A couple of things, we liked about Typeform:
1) It structures onboarding as like a four-part mini-course, which has some merit to it.
2) Clear steps that go from the very beginning phases into launching your own forms from scratch. If they know there are a lot of free trial users who are entry level and need help with that, this is a good idea as long as they have a clear understanding of who their customer avatar is.
What we didn’t like about this onboarding campaign:
1) The copy focused a lot on features and not on benefits. It was very focused on them rather than why analytics is good for users' forms.
As a user, I don't really care that typeform has analytics. I want to know how that can help me grow my business. So in that situation, Typeform should be a little bit more focused on the benefit to the user and not just focus on their own product features.
2) Each email has 5-6 different CTAs - it would be better to focus on achieving a single goal. Each email had too many calls to action - every single email should have one call to action only.
3) There's no clear call to action to becoming a paying customer at the end of the campaign. A campaign like this should have focused on making users sign up right now, click the link down below, and they didn't close with that.
It was interesting, but I think they missed the basics here and they're squandering a bit of an opportunity.
To conclude, focus on benefits and not features, one CTA, and make it very clear to move the user to the next funnel.
Beyond Yoga Onboarding
Next, let's look at an onboarding campaign for an e-commerce business Beyond Yoga.
When you create a Beyond Yoga account, you can roll in and enter your email to get a promo code discount code.
Along with customizing your experience, you can check off the box into newness, maternity, extended sizes or special collections. It's specifically designed and optimized for women buying yoga apparel with different kinds of variations in them. Let’s go over their email campaigns now:
Subject Line: You’ve Made It, Welcome!
Goal: To turn subscribers into first-time buyers
The first email gives you 10 percent off and does a very direct kind of fun, kind of quirky photo of a girl wearing their yoga apparel.
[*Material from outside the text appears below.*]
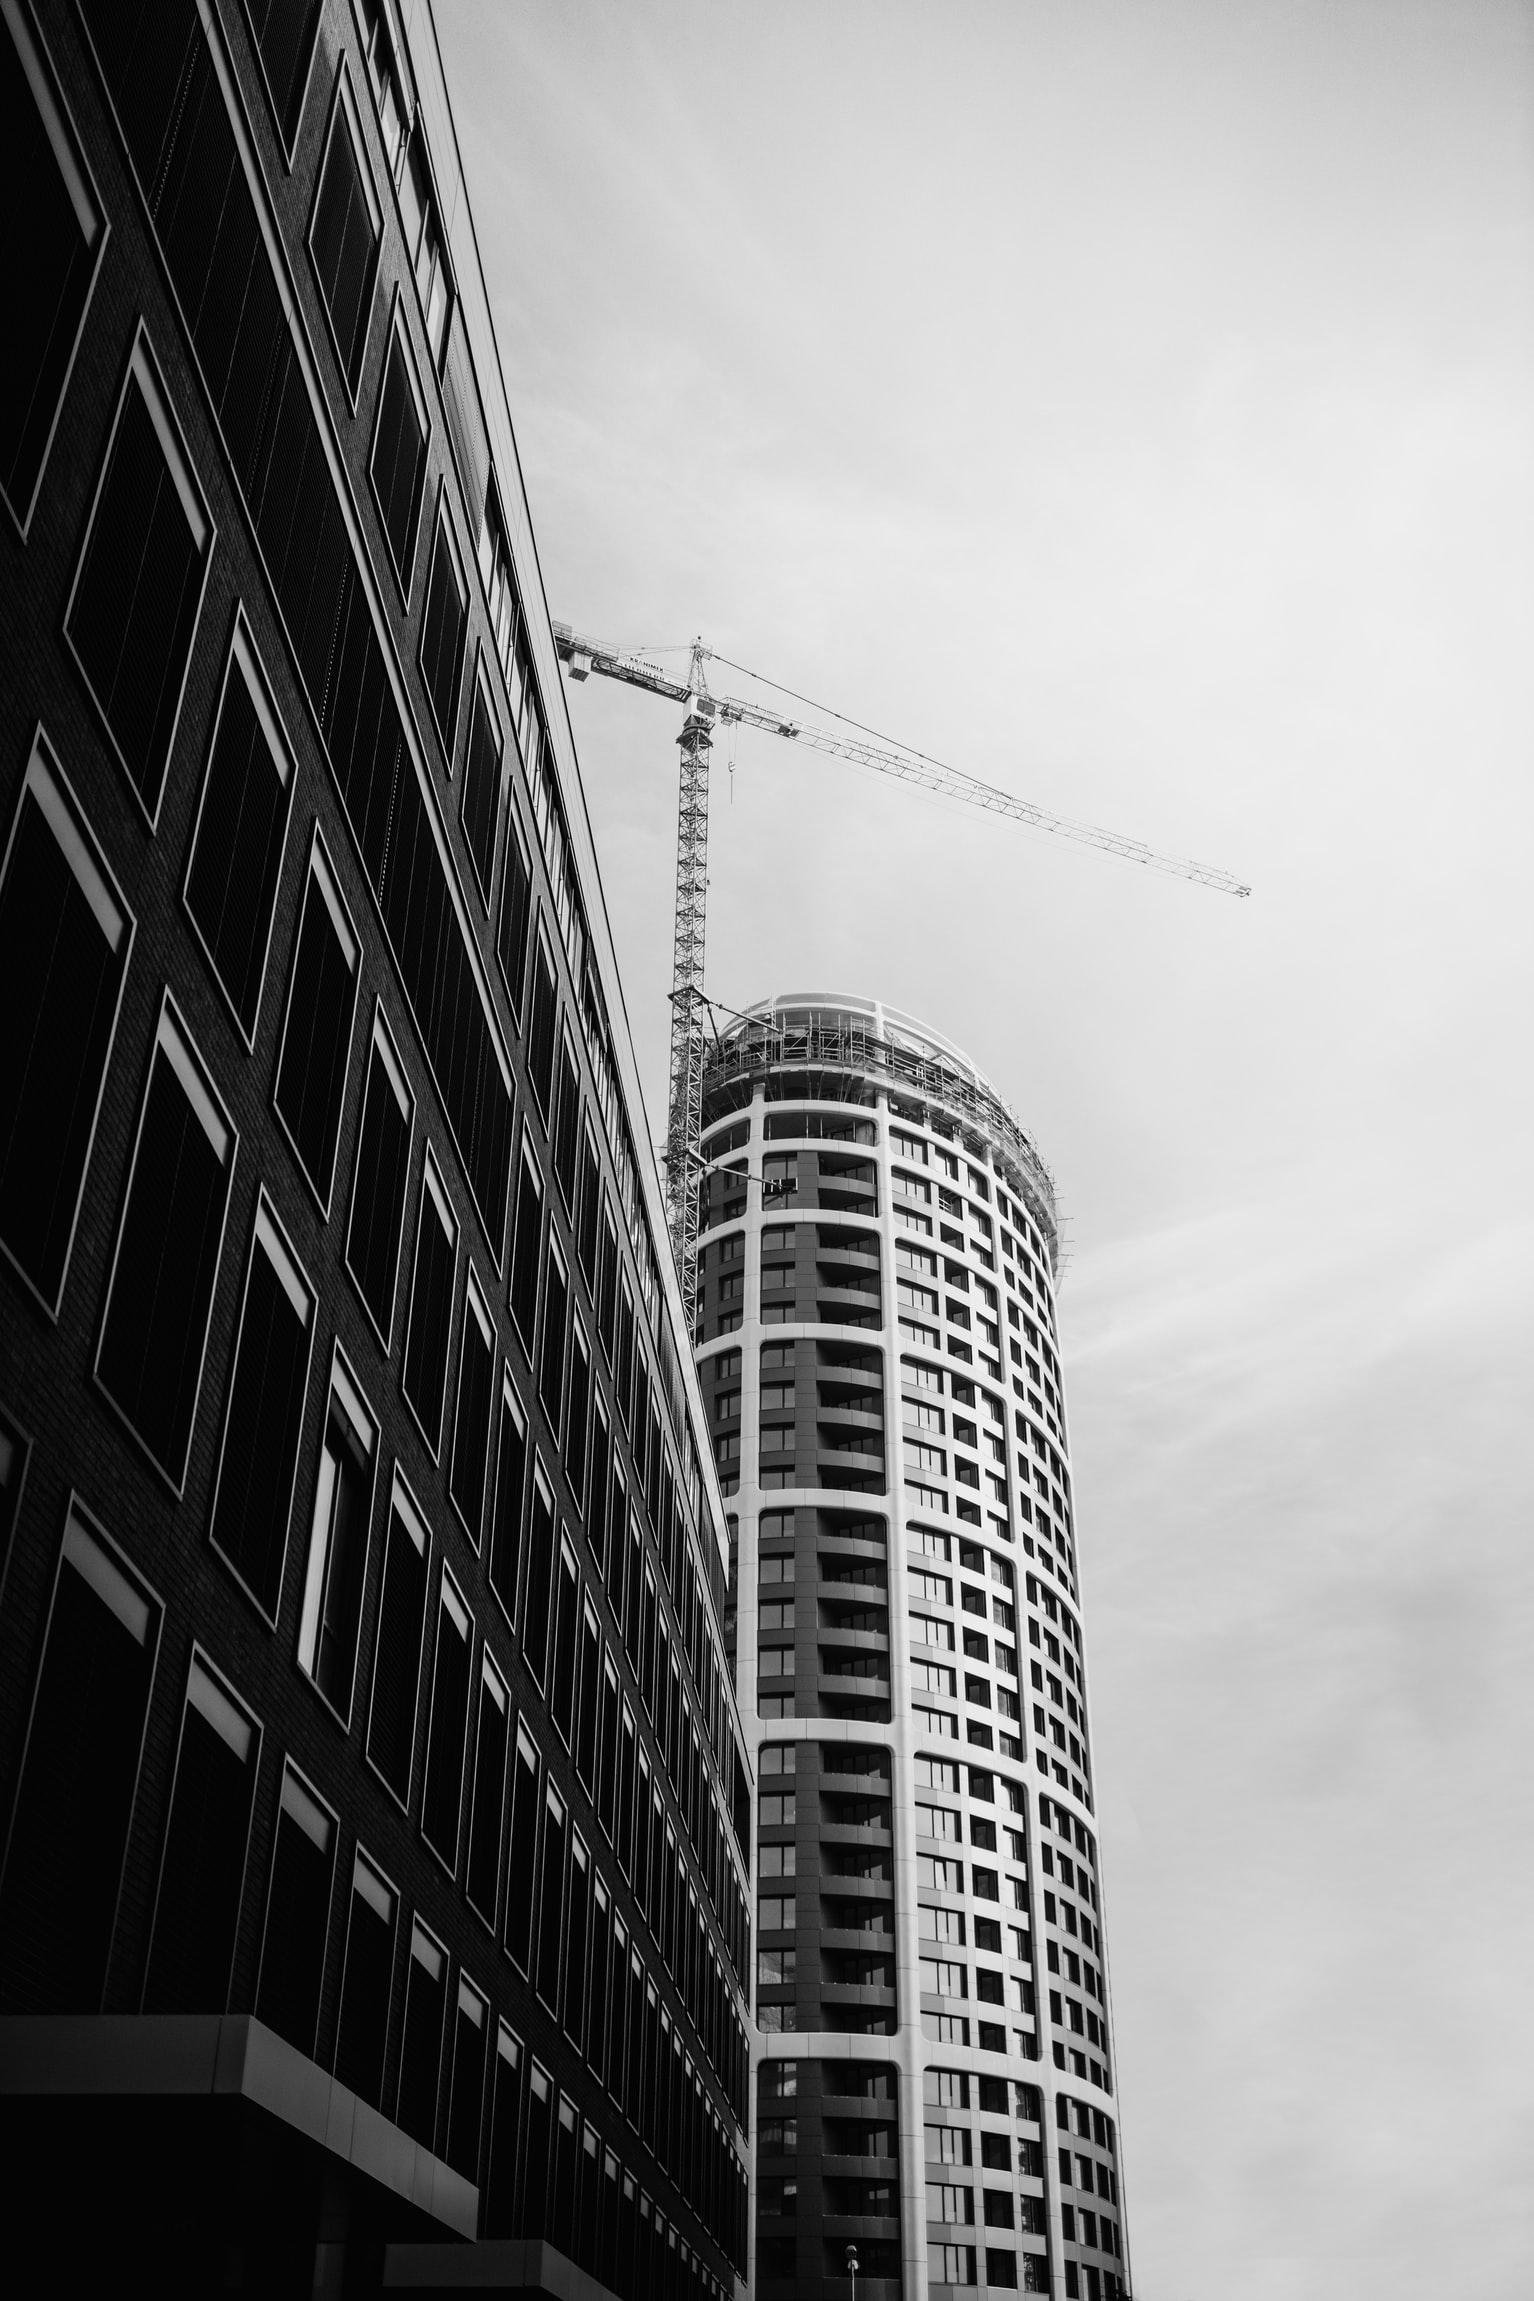 Jak wygrać przetarg na budowę osiedla deweloperskiego? Poznaj nasze sprawdzone rady
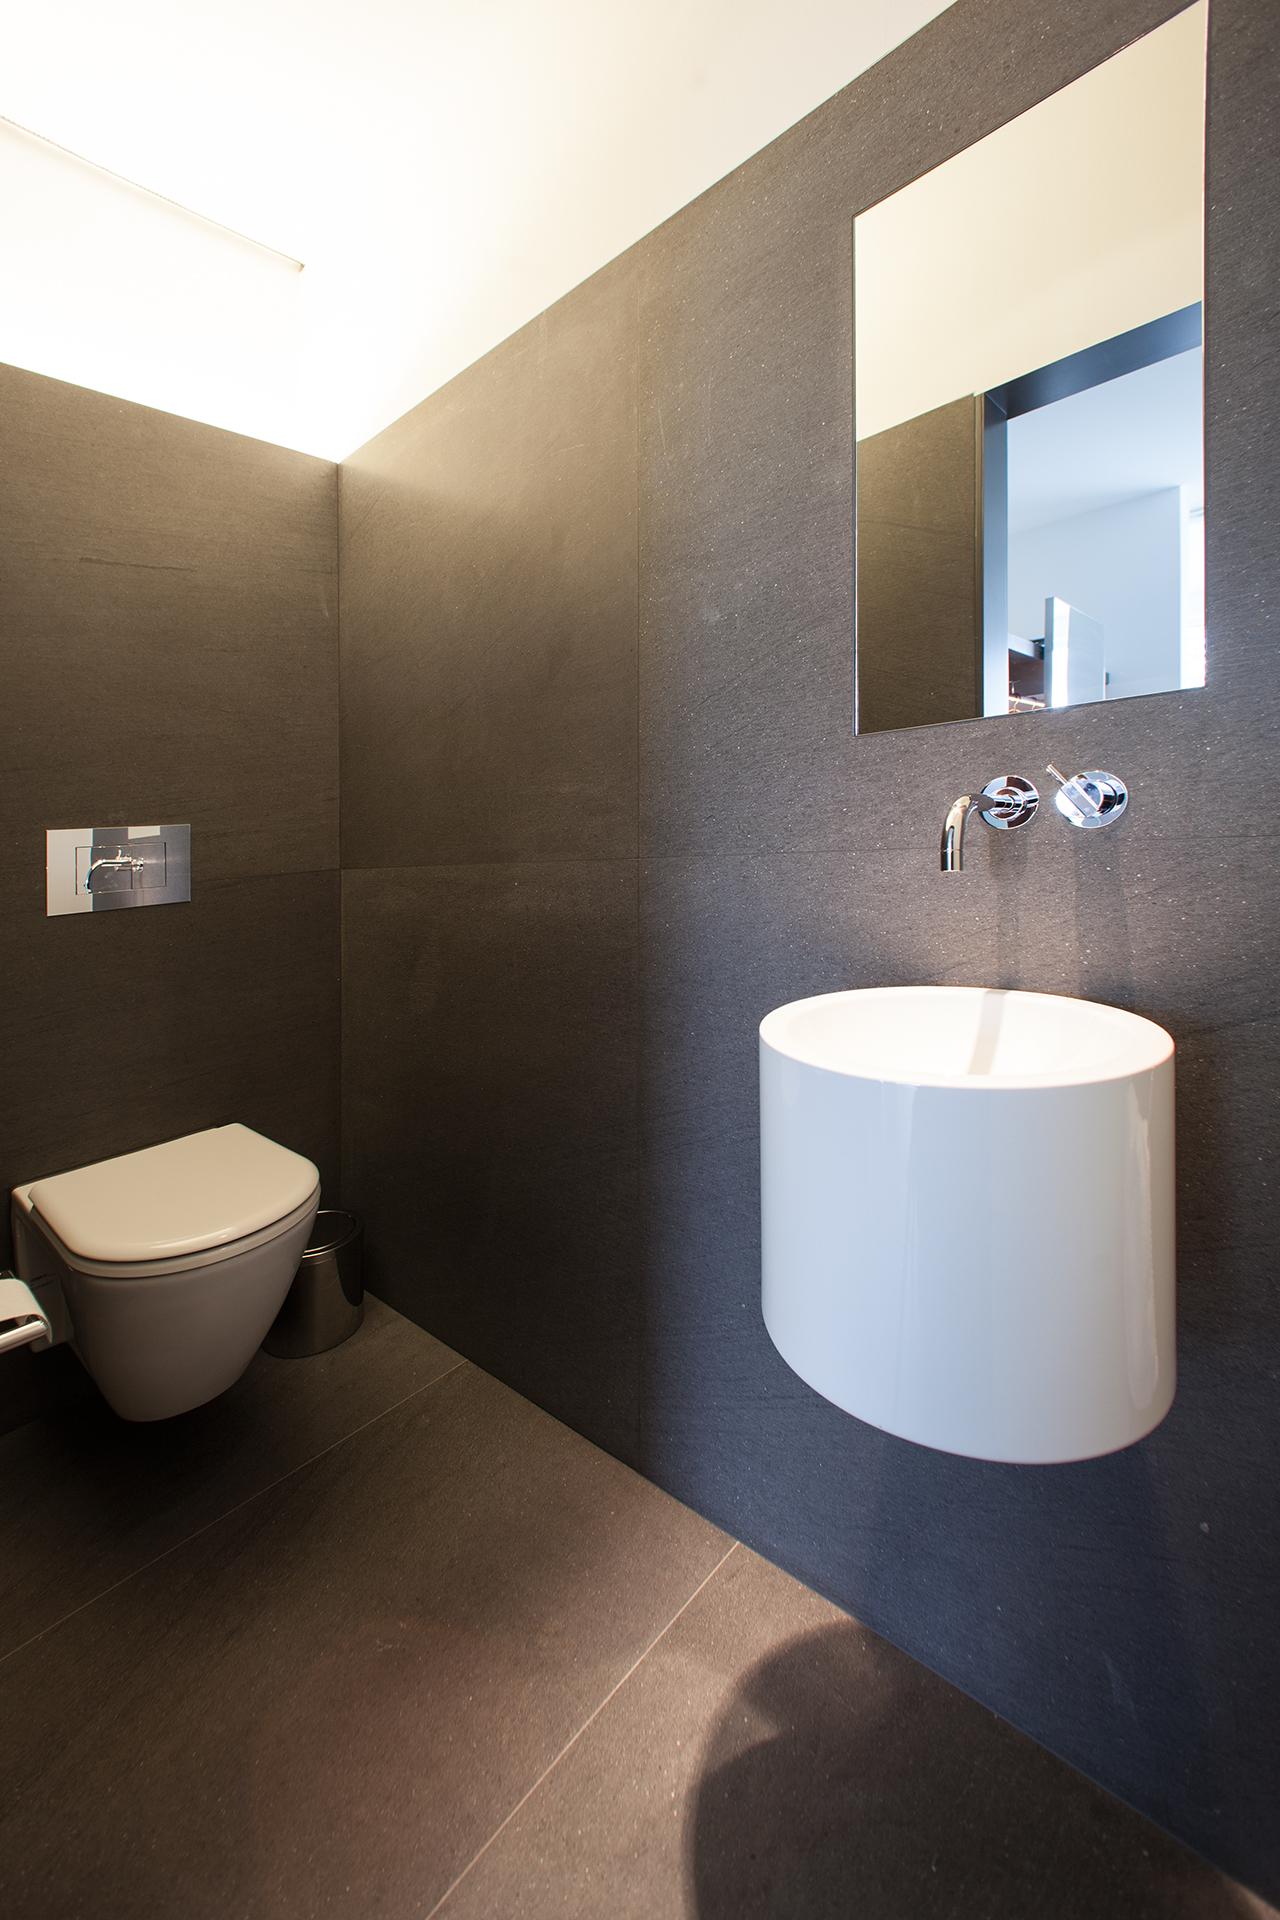 marmor_radermacher_bad_Basaltina_zeitlose_badgestaltung_exklusive_materialien_köln_düsseldorf

Subject line: a love note from us.
Goal: To tell the beyond yoga story. Here’s a quick snippet of that email:
They talked a little bit more about the story and who their customer avatar is and why we should love them as a potential customer or why we should love them.
Subject Line: Essential plus soft athleisure you need.
Goal: To explain the main benefit or differentiator of their products, athleisure
They have included some quality product photos in this email.
Subject Line: Let's connect
Goal: To get subscribers to follow Beyond Yoga Instagram account.
In this email, they're showing their Instagram page. The call to action is to follow them and a couple of pictures from their Instagram here.
Subject Line: Let's chat.
Goal: To get people to complete their account information.
Here’s a couple of snippets from that:
If users haven't fully completed their accounts, this is a nudge to complete that.
Emails: 6 to 13
Goal: Showcase different product collections
They showcase different sorts of products and offers they have on the site.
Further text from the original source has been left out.